Intranasal Cerium Oxide Nanoparticles Ameliorate Cognitive Function in Rats with Alzheimer’s via Anti-Oxidative Pathway

Round 1

Reviewer 1 Report

This manuscript by Danish et al reports an intranasal delivery strategy of cerium oxide nanoparticles which can ameliorate cognitive function in Alzheimer rat model. Overall, the experiments were well designed and the data can support their conclusion. The authors also provide detailed experimental procedures so that others can easily repeat their results. Thus, I recommend the manuscript for publication after minor revision.

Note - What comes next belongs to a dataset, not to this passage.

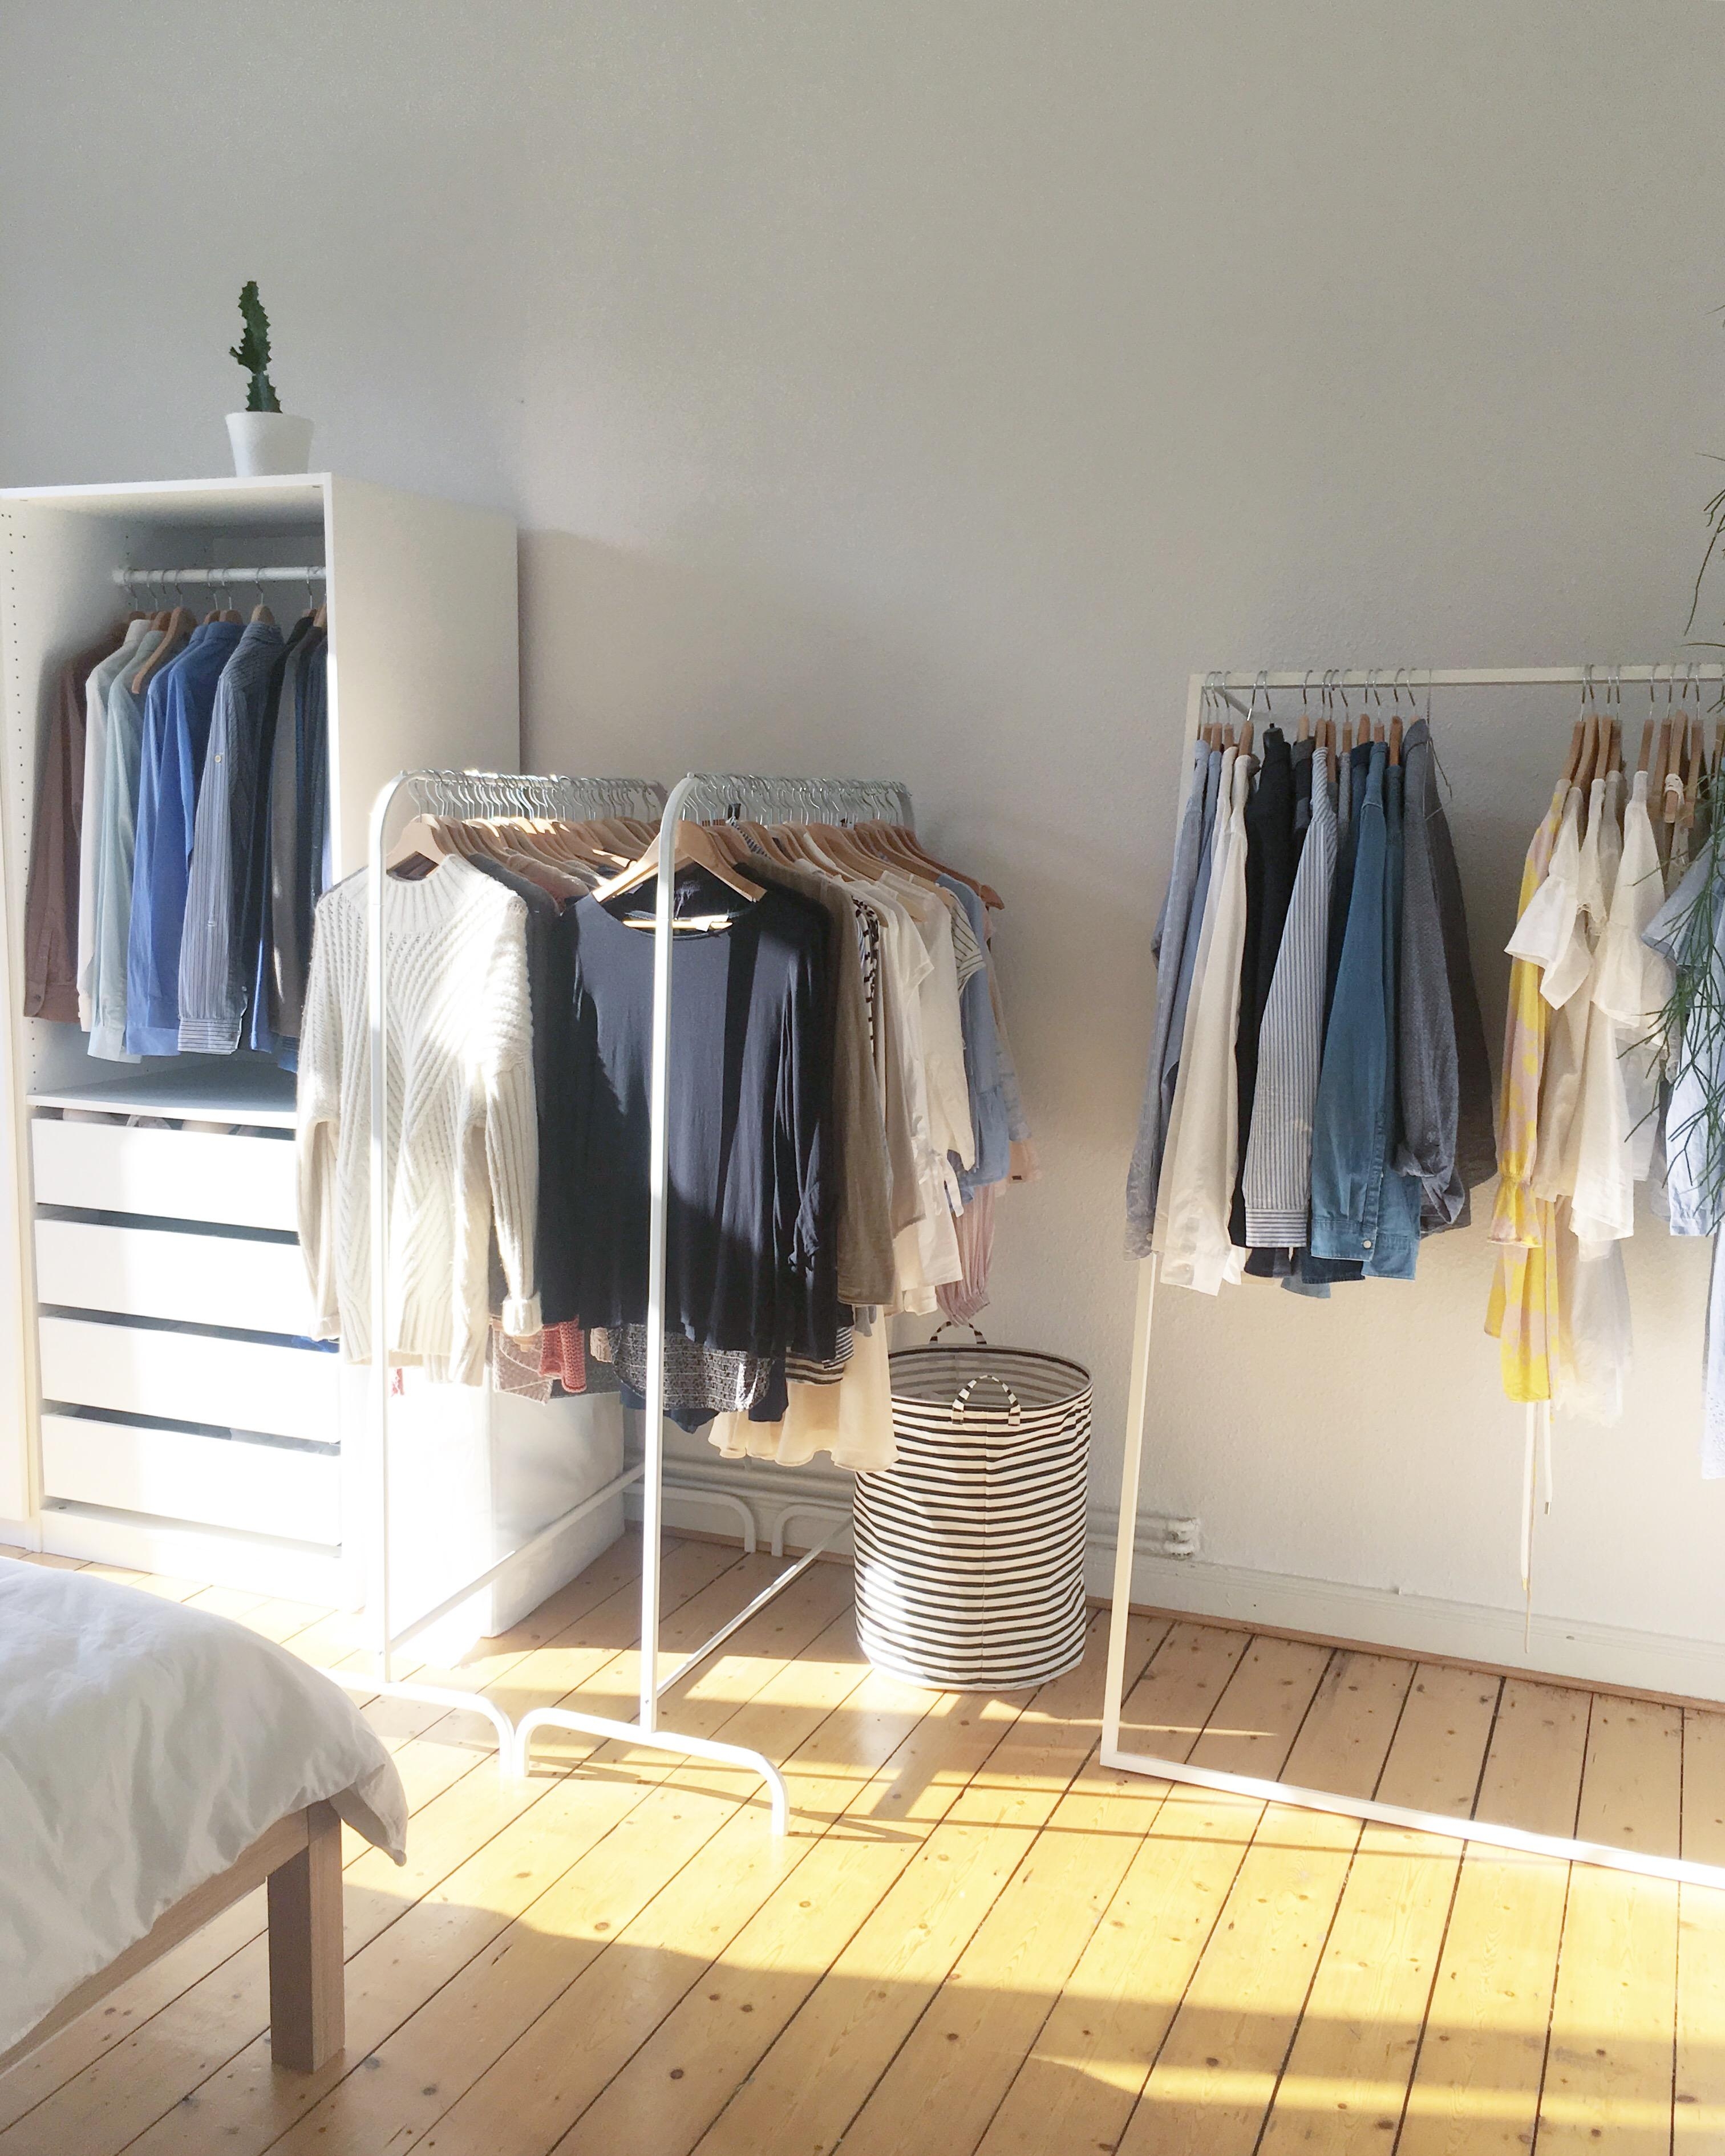 Heute gibt es einmal einen Einblick in unseren „Kleiderschrank“. 
#kleiderschrank #closet #kleiderstange

1. In Figure 2F, the reviewer suggests the author assign each of these peaks with the proper crystal phase (e.g. (110)).
2. In Figure 3 and 4, the reviewer suggests the author to add the group information in the Figure caption. If possible, please the original data points in each of these figures.
3. In the Introduction section, when the author mentioned “In the case of intranasal delivery, BBB is bypassed as the nanoparticles are taken up by olfactory cells of the nasal mucosa, reach the olfactory bulb in the limbic system, and are distributed to a different region of the brain by the olfactory and trigeminal nerve.” The author may also need to cite the reference which shows the same merit of this claim: NMR in Biomedicine, 2013, 26, 1176-1185.   “It is well reported that nanoparticles within the size range 200 nm can easily target the brain” Reference: The Enzymes, 2018, 43, 31-65; Acta Pharmaceutica Sinica B, 2021, 11, 3447-3464.

Author Response

Please see the attachment

Author Response File: Author Response.docx

Reviewer 2 Report

Overall:

 

The paper entitled “Intranasal cerium oxide nanoparticles ameliorates cognitive function in alzheimer rat model via anti-oxidative pathway” focuses on neuroprotective capacity of cerium oxide nanoparticles against scopolamine-induced rat model of Alzheimer’s disease (AD). The Authors conducted behavioral studies which showed that intranasal cerium oxide nanoparticles exhibited similar neuroprotective effects to rivastigmine during passive avoidance and Morris water maize tests. Also, the antioxidant activity of cerium oxide nanoparticles resulted in up-regulation of GSH and SOD level in brain homogenates after the treatment. In such a prestigious, high IF journal, I would suggest extended biochemical and molecular analyses. The publication (in the current version) shows very promising but only preliminary results.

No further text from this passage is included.